The binding affinity of buprenorphine and its metabolites to opioid receptors provides the varied effects seen. Binding affinity is the ability of a drug to bind to a receptor and is measured by the equilibrium inhibitory constant (Ki) [11]. Buprenorphine has a high binding affinity at the MOR and KOR, with debated effects [11]. Buprenorphine-3-glucuronide has high affinity for the MOR (Ki = 4.9 ± 2.7 μM) and NOR (Ki = 36 ± 0.3 μM). Norbuprenorphine-3-glucoronide had appreciable affinity for the NOR (Ki = 18 ± 0.2 μM) but not the MOR [62]. Although norbuprenorphine has a greater efficacy, it is considered a less potent partial agonist than buprenorphine at the MOR [63]. A 2002 review described how norbuprenorphine was much less studied than the parent compound but that there was some evidence to suggest that it functioned as a MOR and KOR partial agonist and a DOR and NOR full agonist [33]. Competition assays revealed approximately twenty-five-fold lower norbuprenorpine binding to the NOR than was found with buprenorphine [63]. All metabolites except nubuprenophine-3-glucuronide have analgesic properties [62][64].
Buprenorphine alone is not responsible for its analgesic effects, but its varying metabolite concentration through different forms of drug administration may alter the efficacy of the drug. Norbuprenorphine is one of buprenorphine’s better-studied active metabolites and further research must be performed to understand the other metabolites’ pharmacodynamics [33]. Norbuprenorphine and buprenorphine have substantially different pharmacological profiles. Norbuprenorphine arises as a result of N-dealkylation catalyzed by cytochrome P450 (CYP3A4) in the liver [12][13]. The mechanisms and metabolites of this process are illustrated in Figure 1. At the MOR, both norbuprenorphine and buprenorphine are potent partial agonists, with norbuprenorphine having moderate efficacy and buprenorphine having low efficacy. At the NOR, norbuprenorphine has moderate efficacy and buprenorphine has low efficacy, with both substances having low affinity for the receptor. This information was determined using ligand binding experiments and cAMP assays [63]. Respiratory depression is induced by norbuprenorphine and mediated by the MOR [65]. There is a low risk of respiratory depression with buprenorphine as a monotherapy and this potential effect is rarely considered clinically relevant [66][67]. Buprenorphine’s active metabolite, norbuprenorphine, was ten-times more potent for causing respiratory depression [65]. Buprenorphine was found to be protective against norbuprenorphine’s effect of respiratory depression, both preventing and reversing these effects. An active metabolite of buprenorphine, norbuprenorphine, was alone seen to be responsible for the effects of respiratory depression. Binding experiments show the DOR and, primarily, the MOR as responsible for buprenorphine protecting against norbuprenorphine-induced respiratory depression [9]. The intraventricular administration of buprenorphine and norbuprenorphine showed norbuprenorphine’s analgesic activity was 25% that of buprenorphine [68]. Norbuprenorphine was 50-fold less potent than buprenorphine through intravenous administration and 4-fold less potent after intraventricular administration in in vivo animal studies. This decrease in potency may be due to poor penetration across the blood–brain barrier compared with buprenorphine ([69], although see [14]).

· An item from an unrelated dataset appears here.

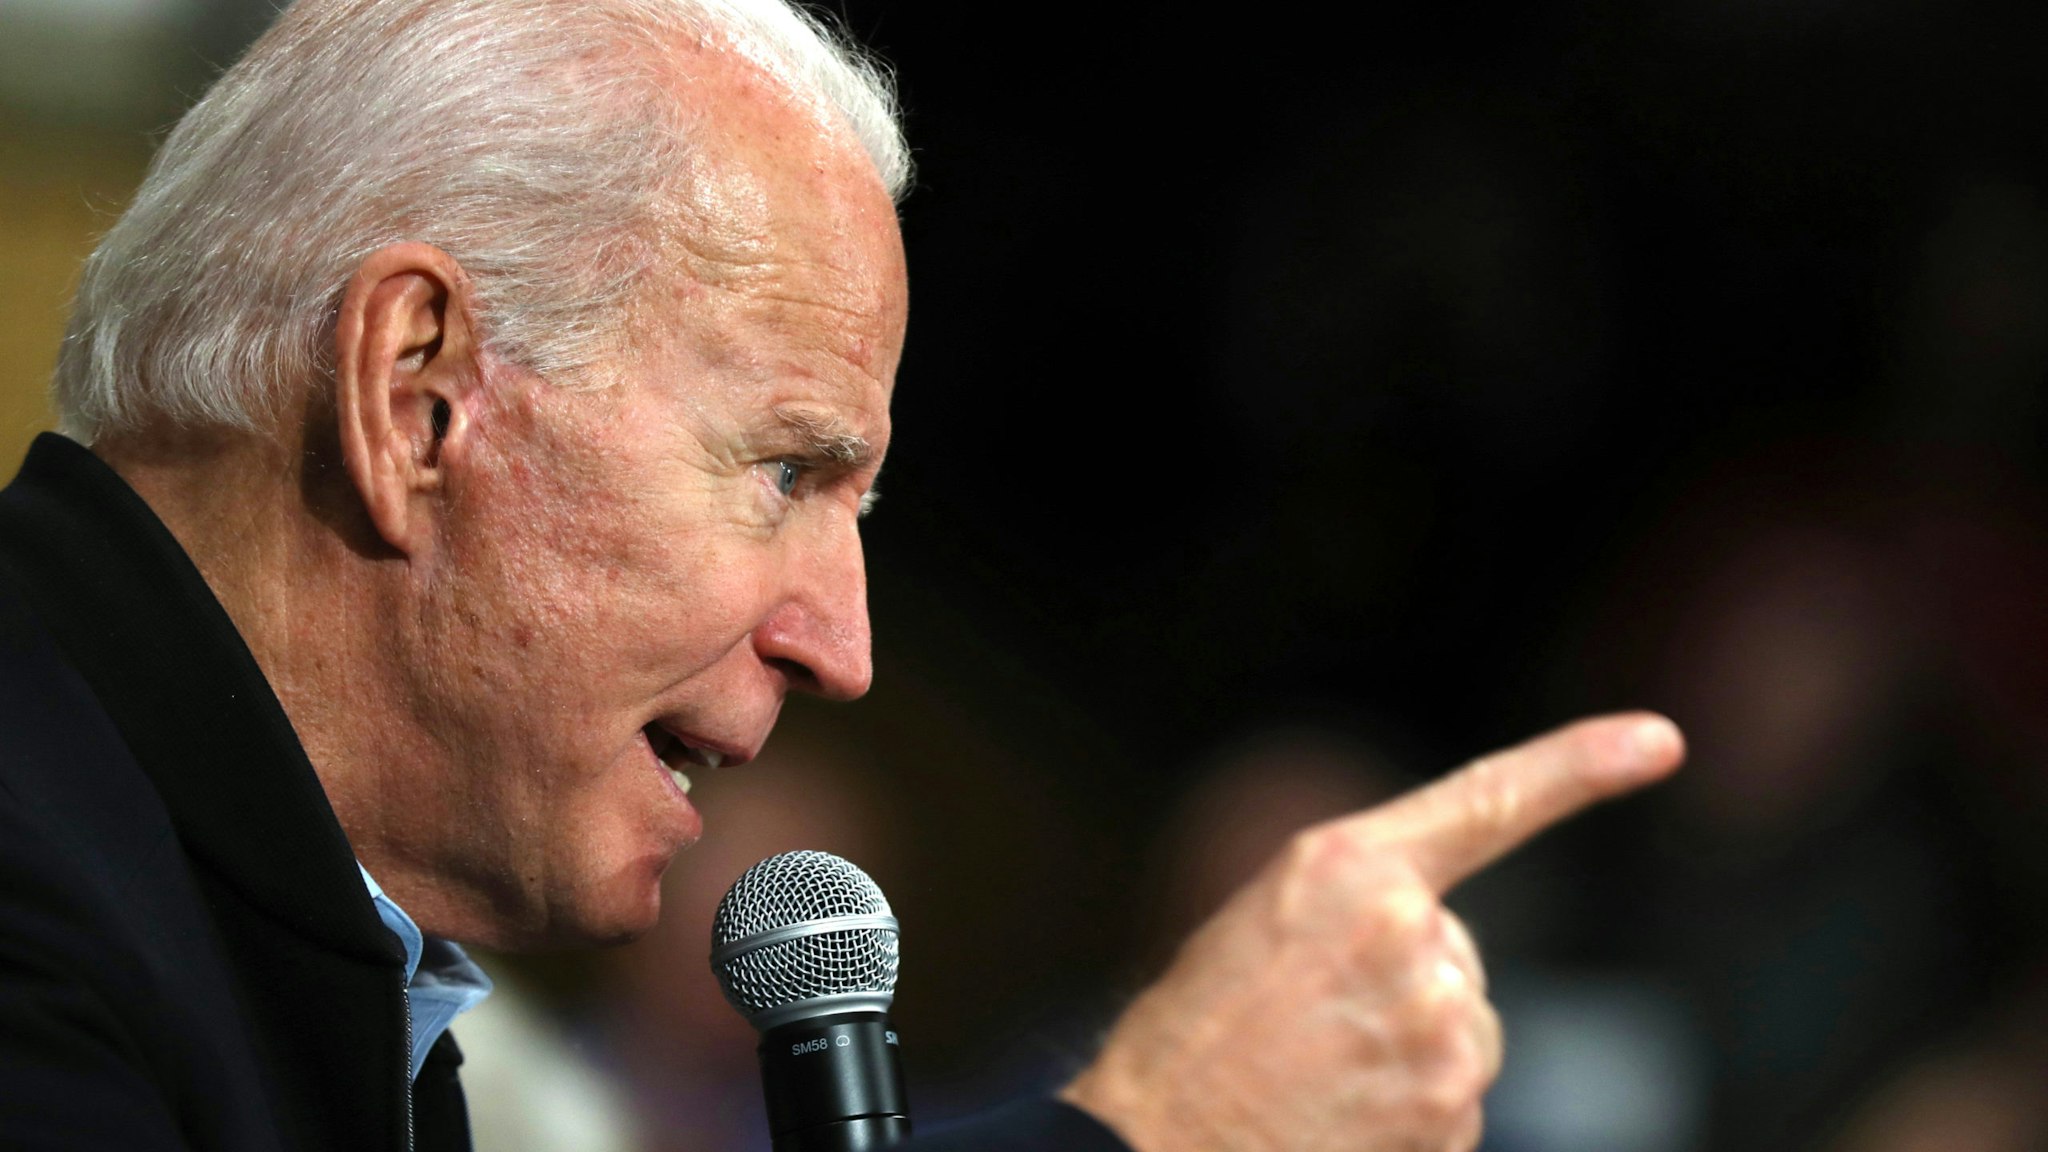 CEDAR RAPIDS, IOWA - FEBRUARY 01: Democratic presidential candidate former Vice President Joe Biden speaks during a campaign event on February 01, 2020 in Cedar Rapids, Iowa. With two days to go before the 2020 Iowa Presidential caucuses, Joe Biden is campaigning across Iowa.
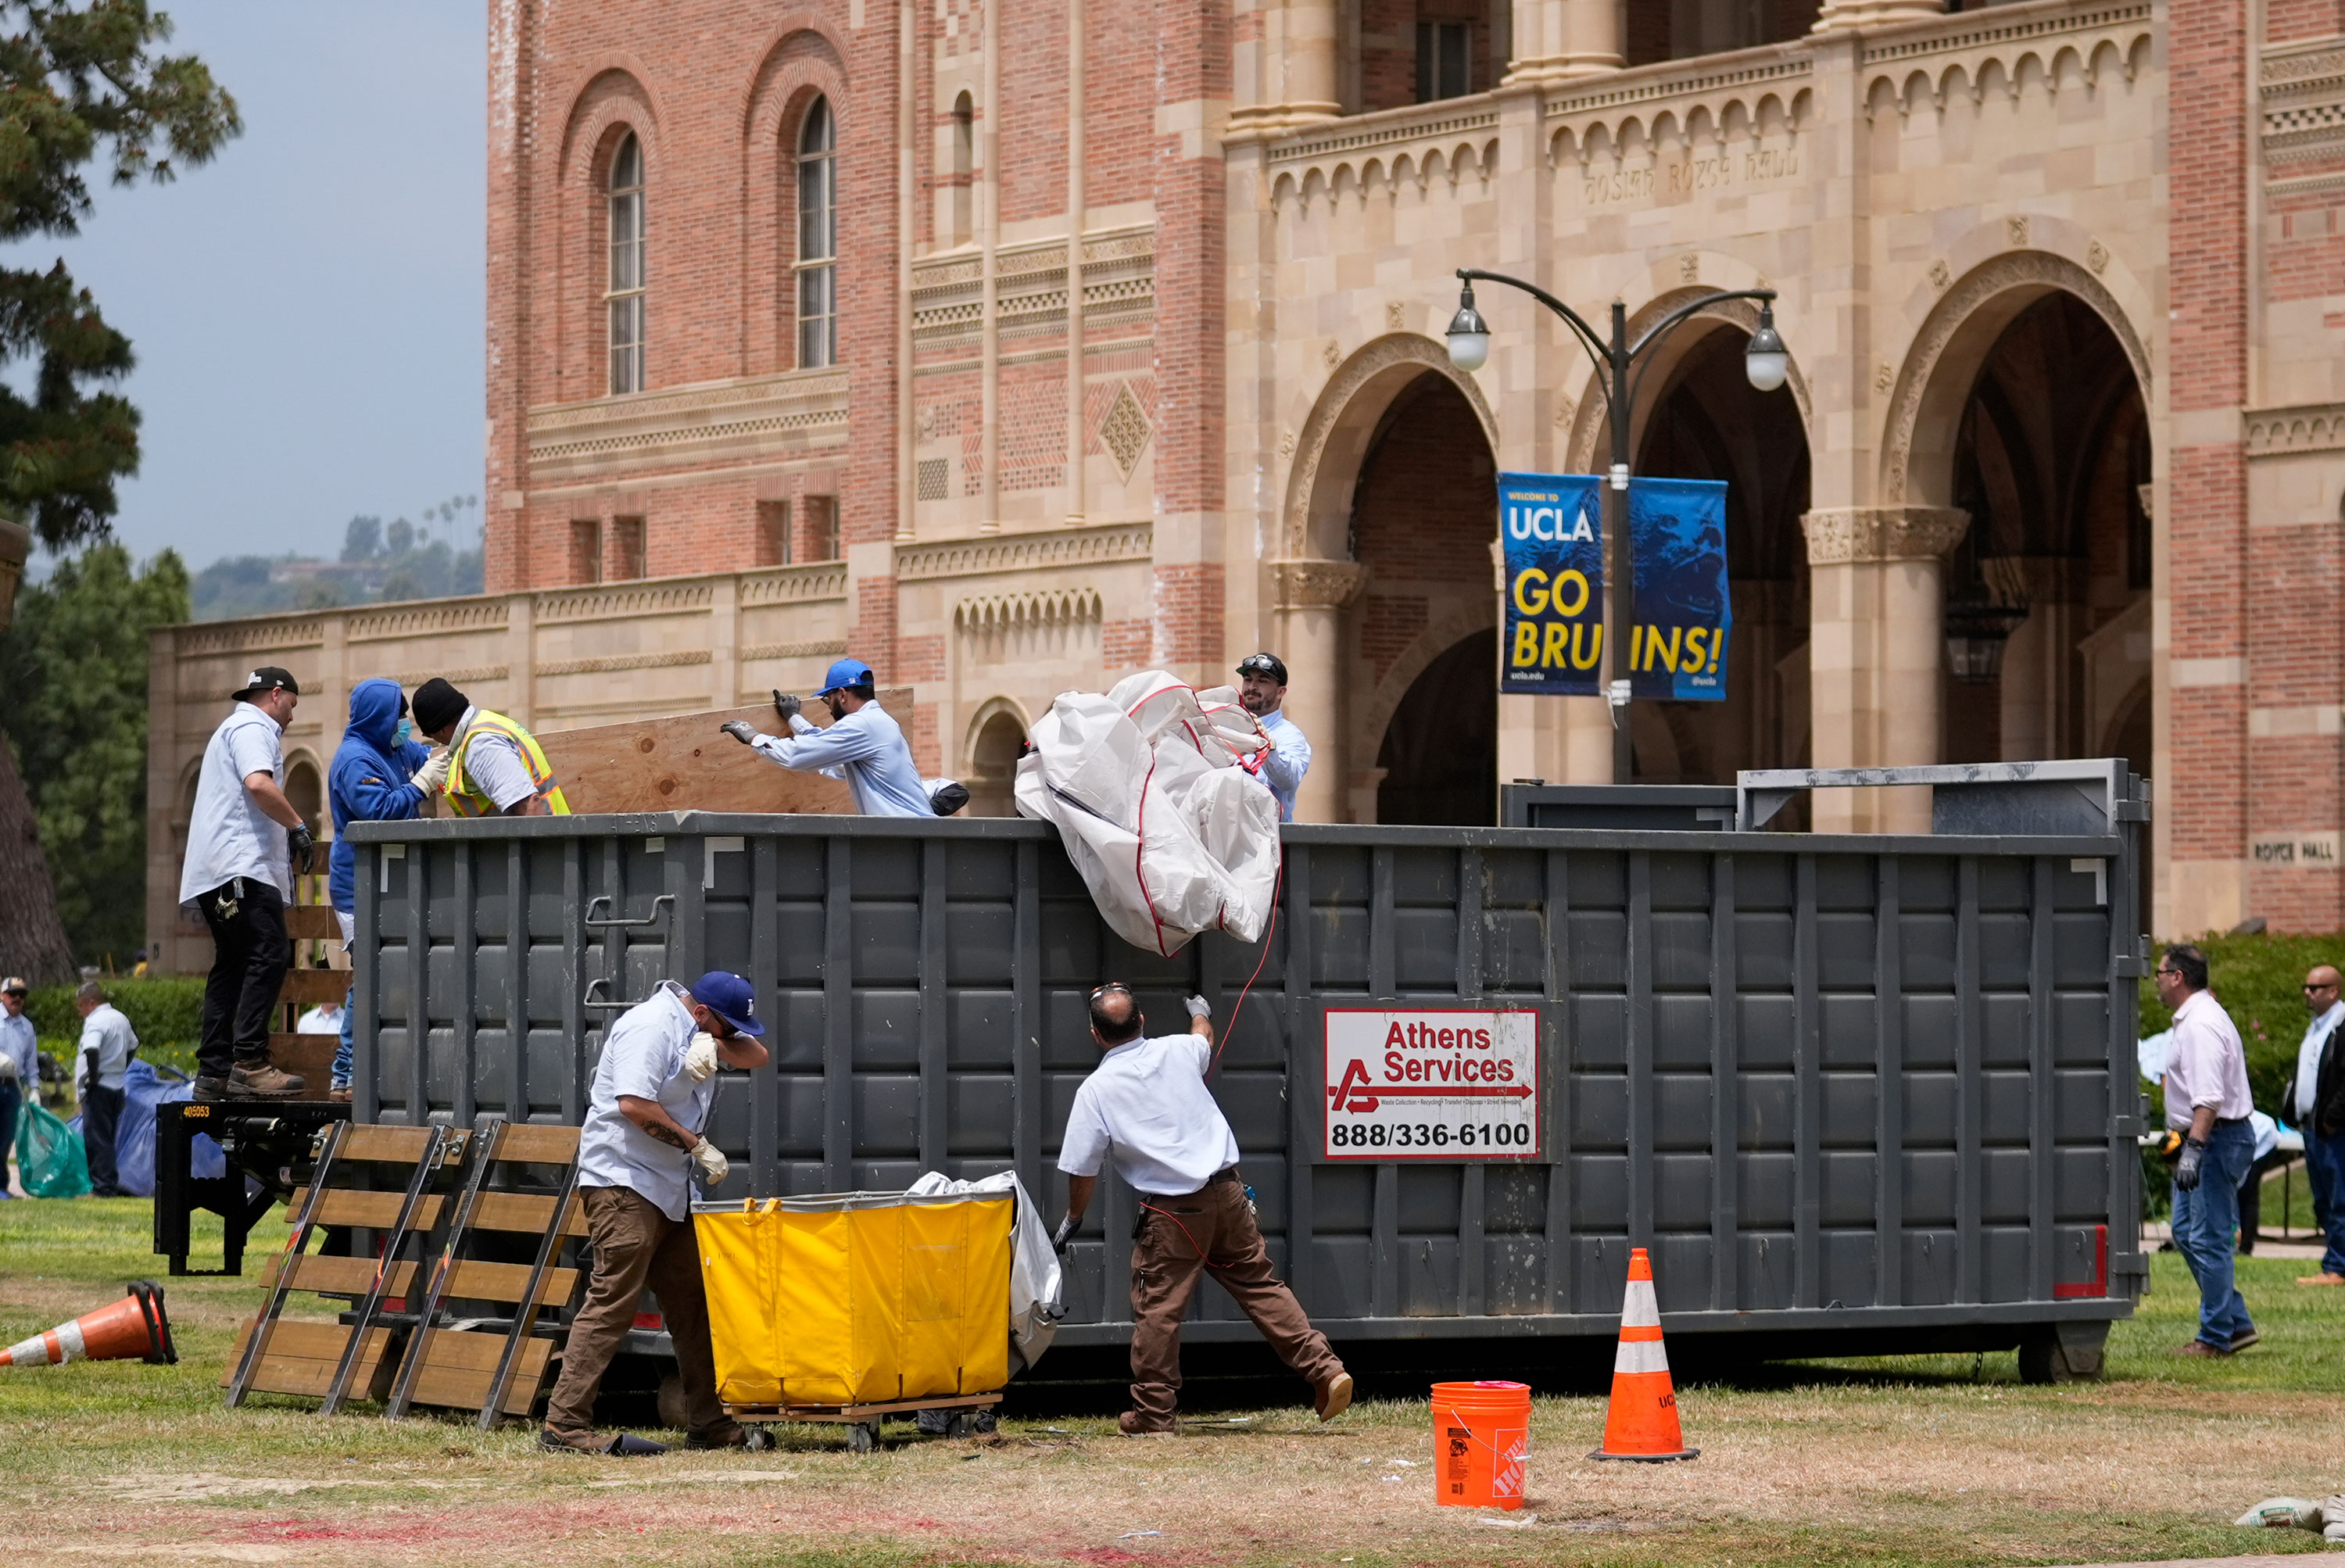 Items are removed from the site of a pro-Palestinian encampment on the UCLA campus in Los Angeles on May 2, after it was cleared by police.

Figure 1. Buprenorphine, norbuprenorphine, and its metabolites utilizing the Reaxys database [70].
When evaluating results of animal and biochemical studies, norbuprenorphine and buprenorphine are considered by some to be partial agonists at the MOR [69]. The co-activation of the NOR by buprenorphine modulates the antinociceptive effect of buprenorphine at opioid receptors [71]. Additionally, the MOR may be responsible for counteracting the hyperalgesic effect from NOR. If mu receptors are blocked, NORs produce hyperalgesia [72]. Norbuprenorphine, an active metabolite in buprenorphine, has a high binding affinity for the MOR and a low affinity for the NOR and presents as a potent analgesic with an efficacy equal to buprenorphine in the mouse acetic acid writhing test [63]. Buprenorphine’s agonistic effect at the NOR is hypothesized to counter antinociception by buprenorphine and norbuprenorphine on opioid receptors, producing the bell-shaped curves in nociceptive assays [63]. Preclinical reports show that NOR agonism contributes to decreased analgesia at high concentrations. However, buprenorphine’s affinity for the NOR is approximately 50 times lower than its affinity for the MOR and NOR activation, causing a pronociceptive effect that has not been validated in clinical settings [1][62][73]. The agonistic activity and low binding affinity at the NOP receptor contribute to spinal analgesia and may limit the substance abuse potential and tolerance commonly observed with full MOR agonists [74]. NOR antagonists have limited impact on buprenorphine-induced physiological responses in nonhuman primates [75].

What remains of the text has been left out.